● **Problem**
Your answer should hold exactly the lines below from the line with "III ortopeedia osakonna sõbralik kollektiiv" through the line with "На какие волосы", both included, and no pictures at all.

● **Records shown**

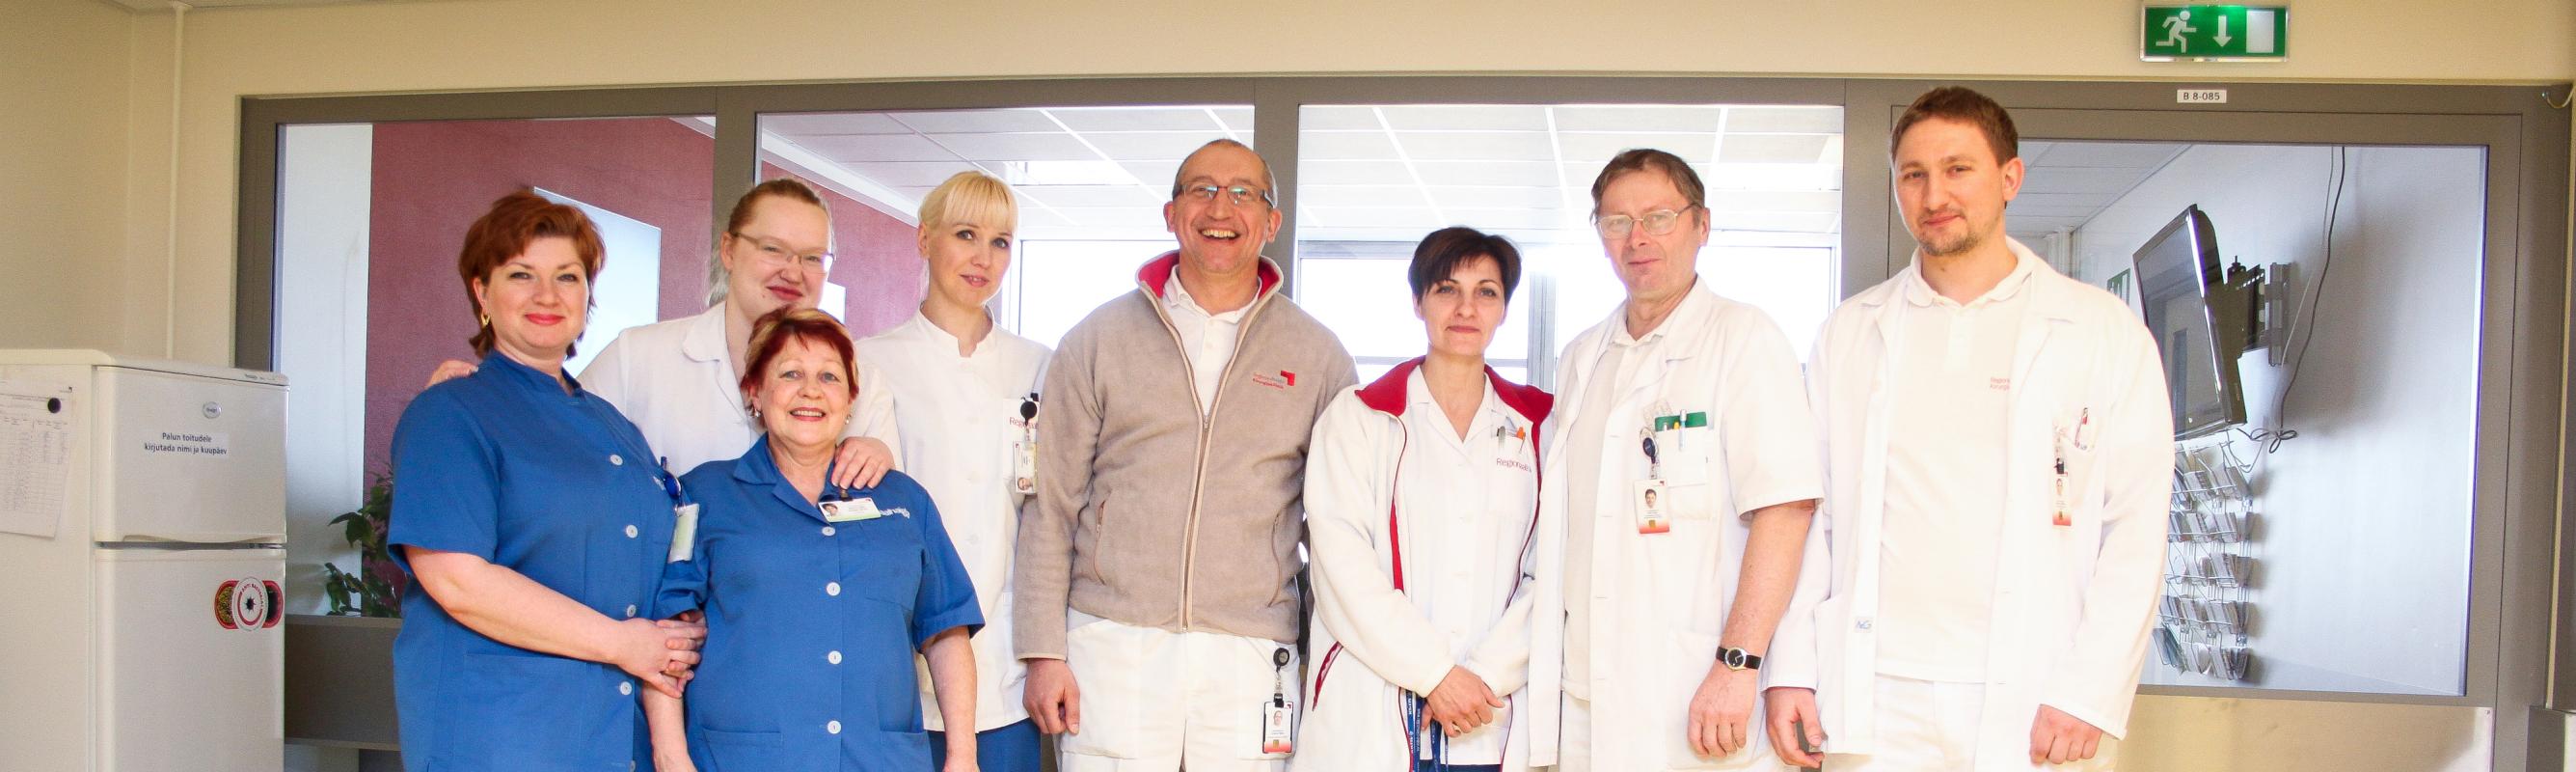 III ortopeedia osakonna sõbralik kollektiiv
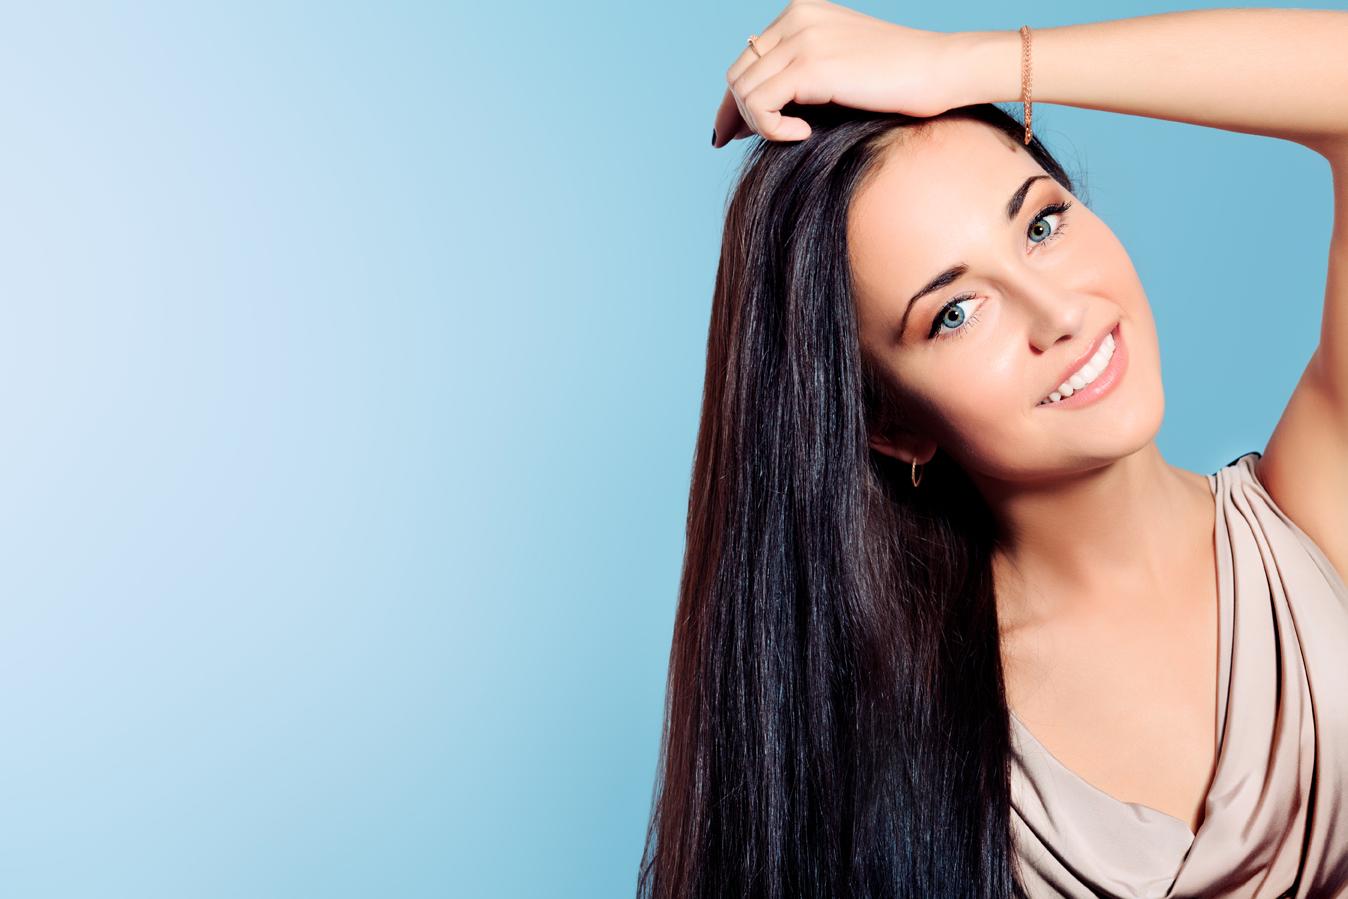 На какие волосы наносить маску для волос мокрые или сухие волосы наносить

--

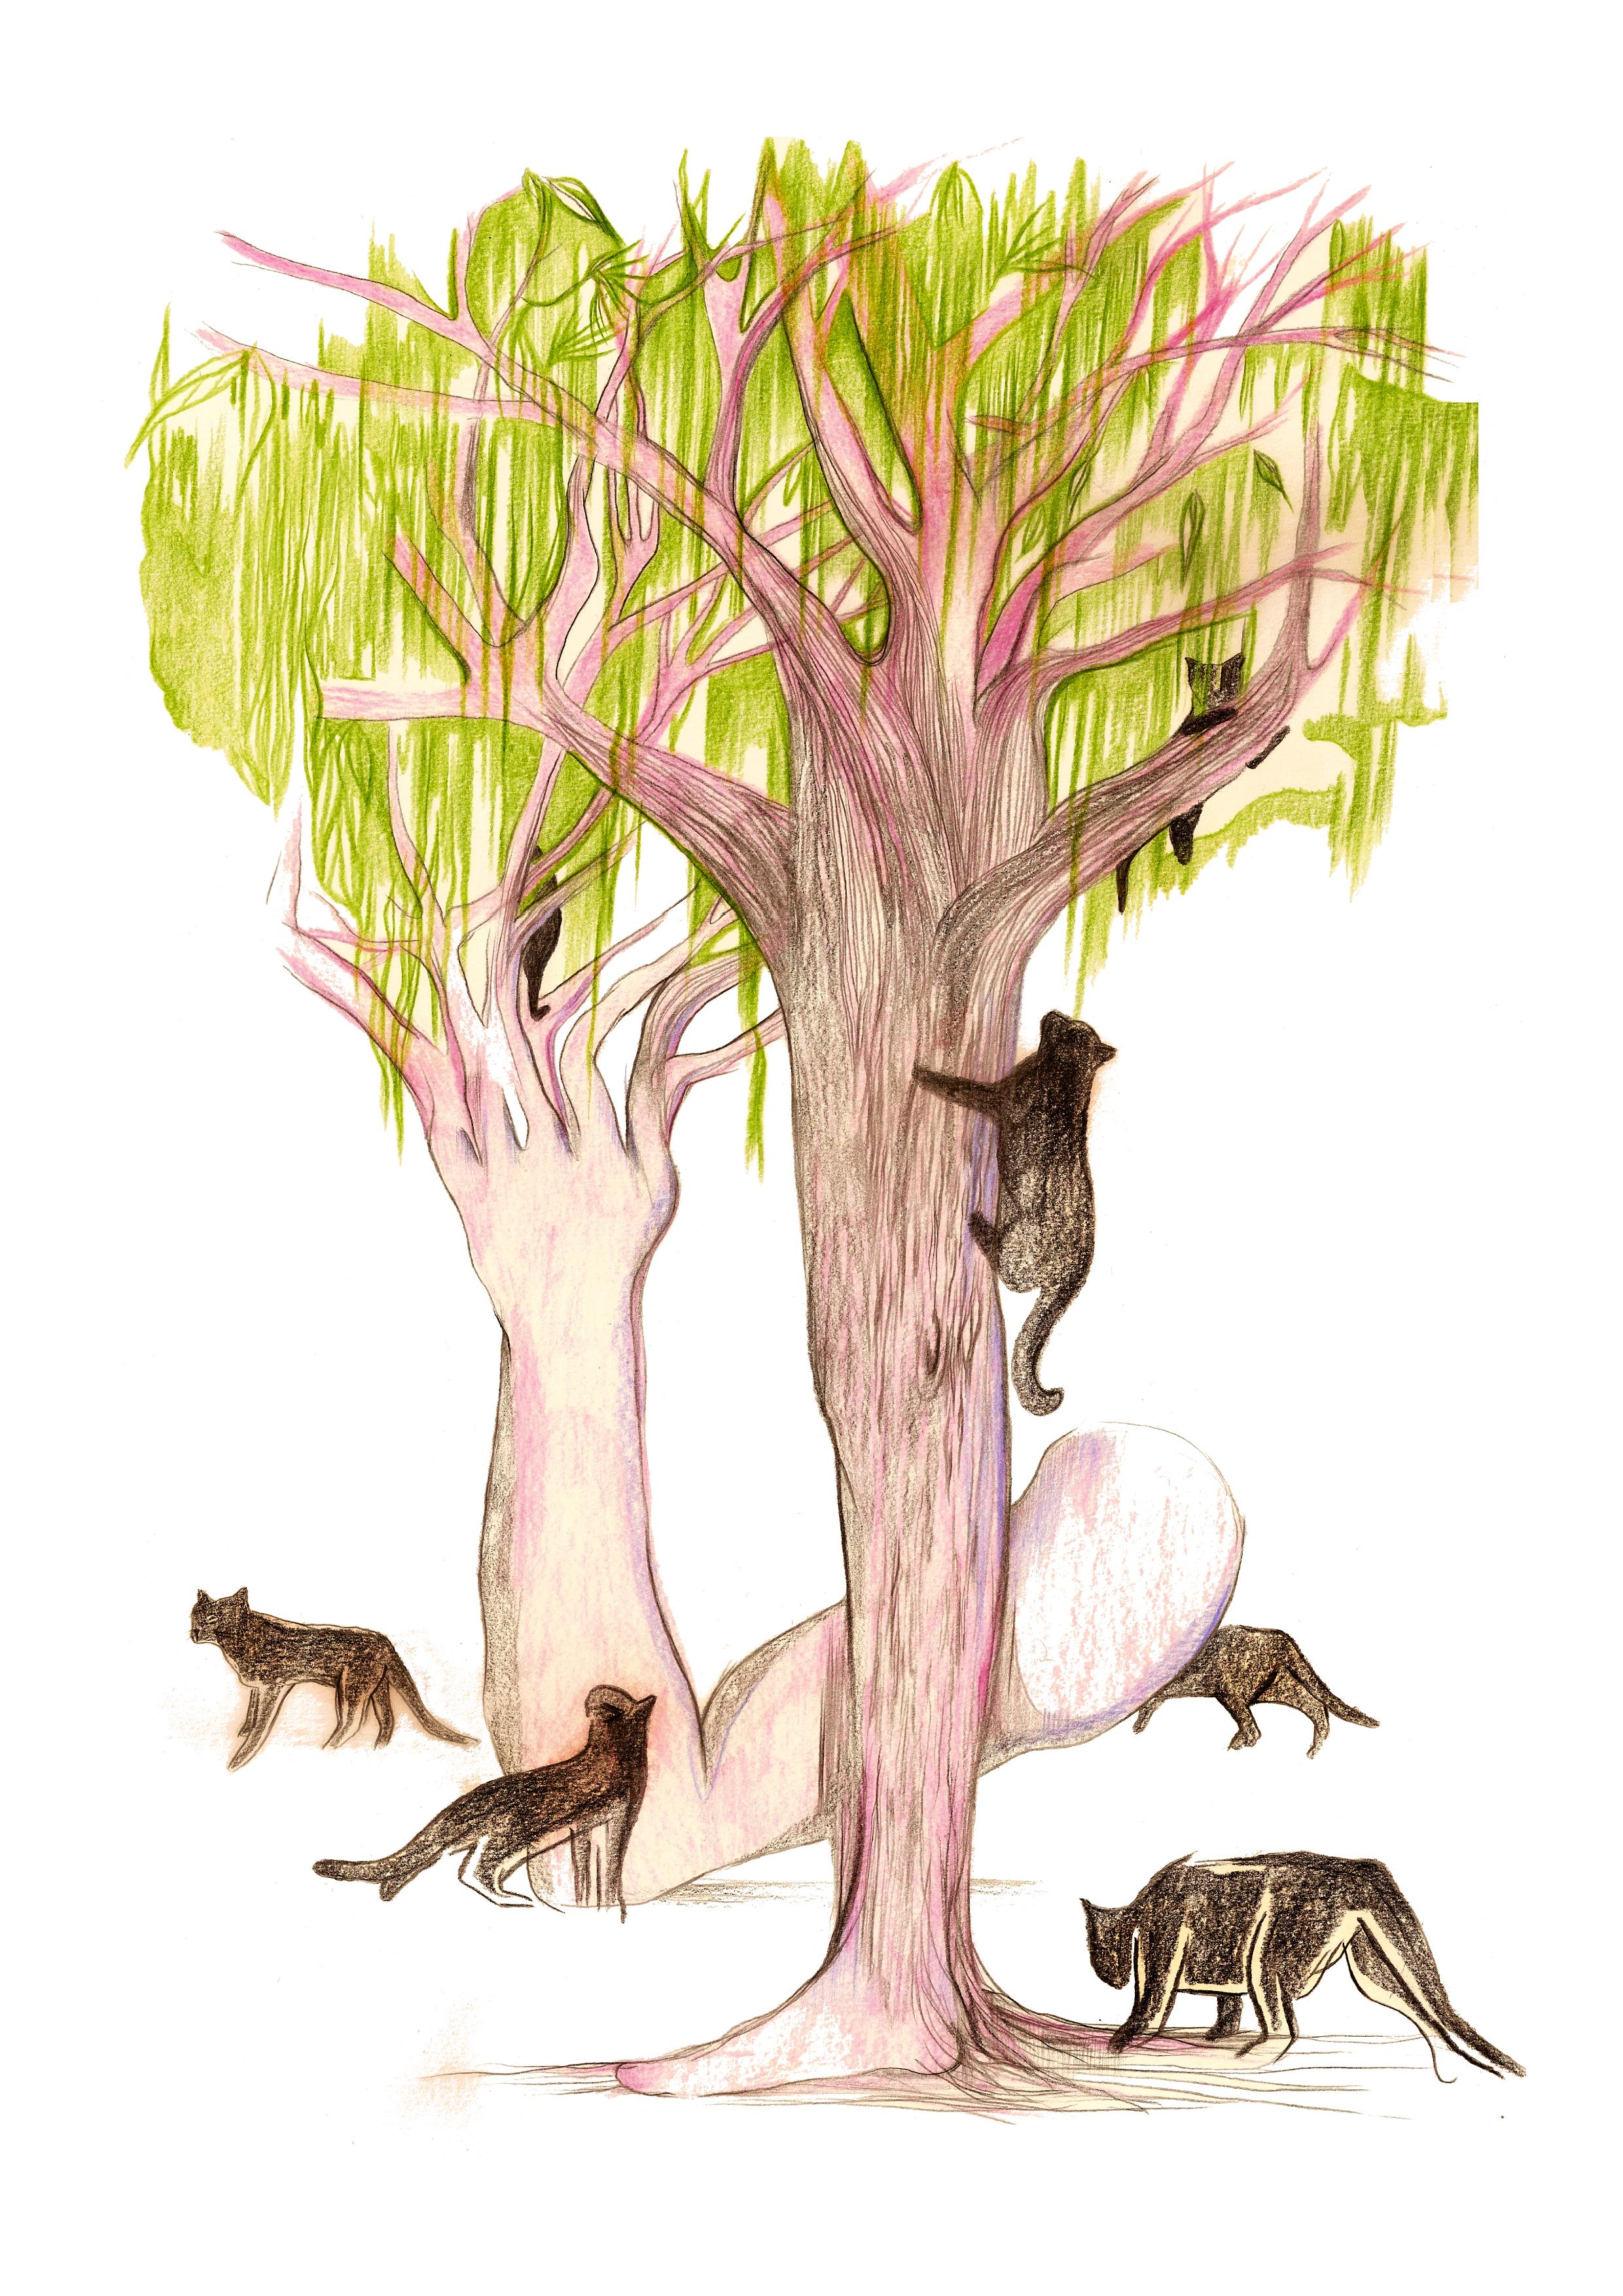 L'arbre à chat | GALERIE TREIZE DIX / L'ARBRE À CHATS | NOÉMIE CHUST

● **Answer to this task**
 III ortopeedia osakonna sõbralik kollektiiv
 На какие волосы наносить маску для волос мокрые или сухие волосы наносить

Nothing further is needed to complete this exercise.